Fix the smallest set of causes that explains the failure. Do not rewrite what works.

When revising:
1. Preserve the original intent.
2. Remove redundancy.
3. Resolve contradictions.
4. Convert vague preferences ("be helpful") into observable behaviors.
5. Replace negative-only rules with positive specifications.
6. Cold-read test: read the artifact as the target model seeing it for the first time. Would you know what to produce, what matters, what is optional, and what to do when blocked?
7. The revised artifact should have higher signal density. If longer, every added token must earn its place.

## Evaluate

For important or reusable artifacts, define a compact eval set covering:
- normal cases
- edge cases
- ambiguity cases
- tool-failure cases (if agentic)
- permission-boundary cases (if agentic)
- format compliance cases
- cross-model behavior (if targeting multiple models)

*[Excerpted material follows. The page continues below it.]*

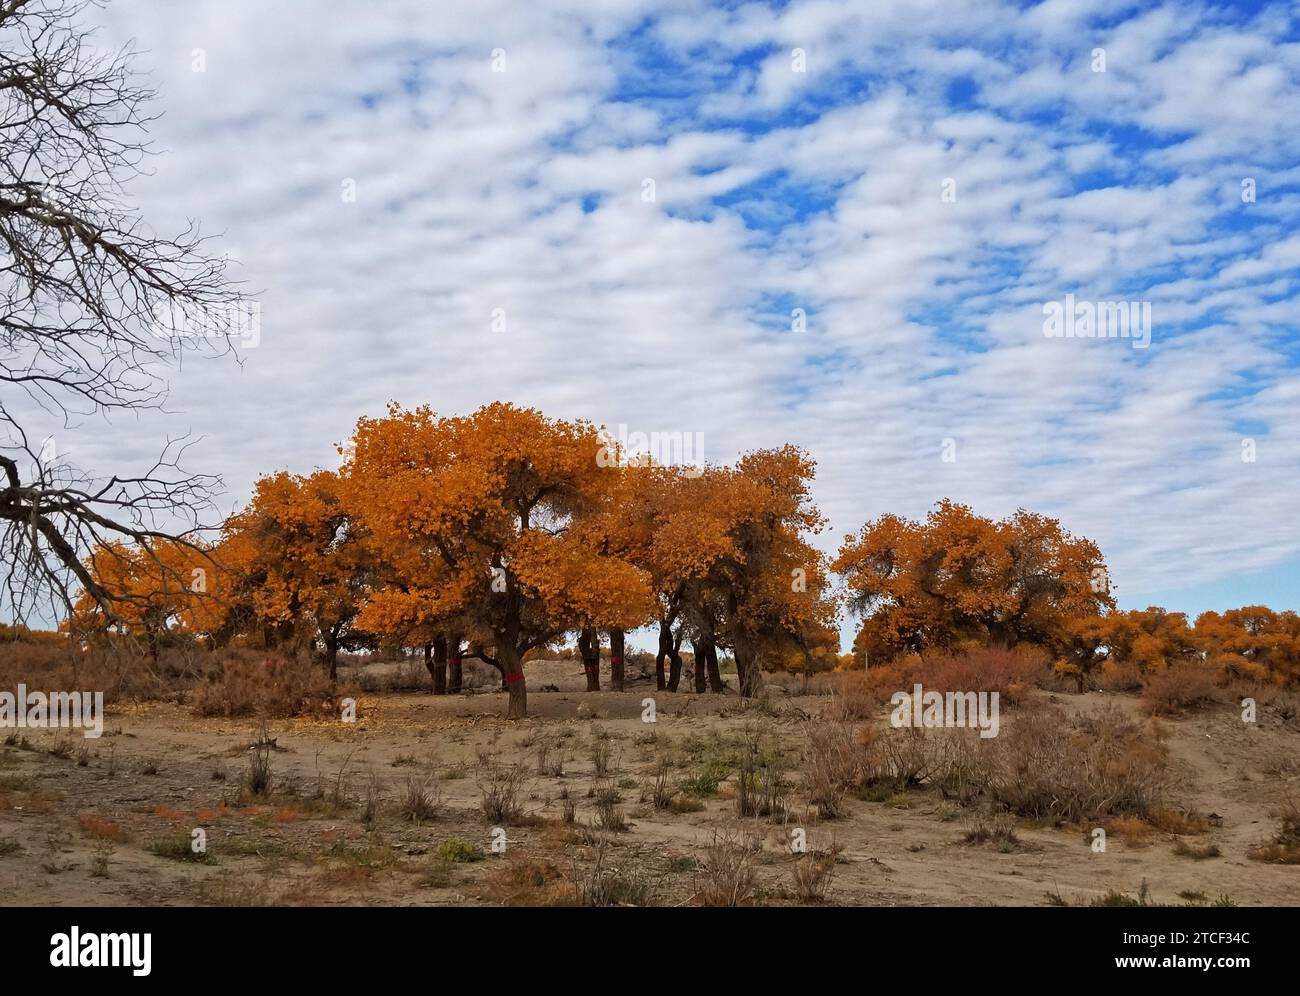 Populus euphratica o pioppi del deserto, e i loro brillanti colori autunnali, offrono molte vedute panoramiche in un'oasi desertica della Mongolia interna Foto Stock

Revise against observed failures, not intuition. Re-test when changing models, tools, or surrounding workflow.

## Deliverable

When producing or revising an LLM-consumable artifact, return:
1. The artifact, ready to use.
2. Key assumptions or missing context.
3. Brief rationale for structural choices.
4. Eval cases for important or reusable artifacts.
5. Model-specific notes if targeting a particular model.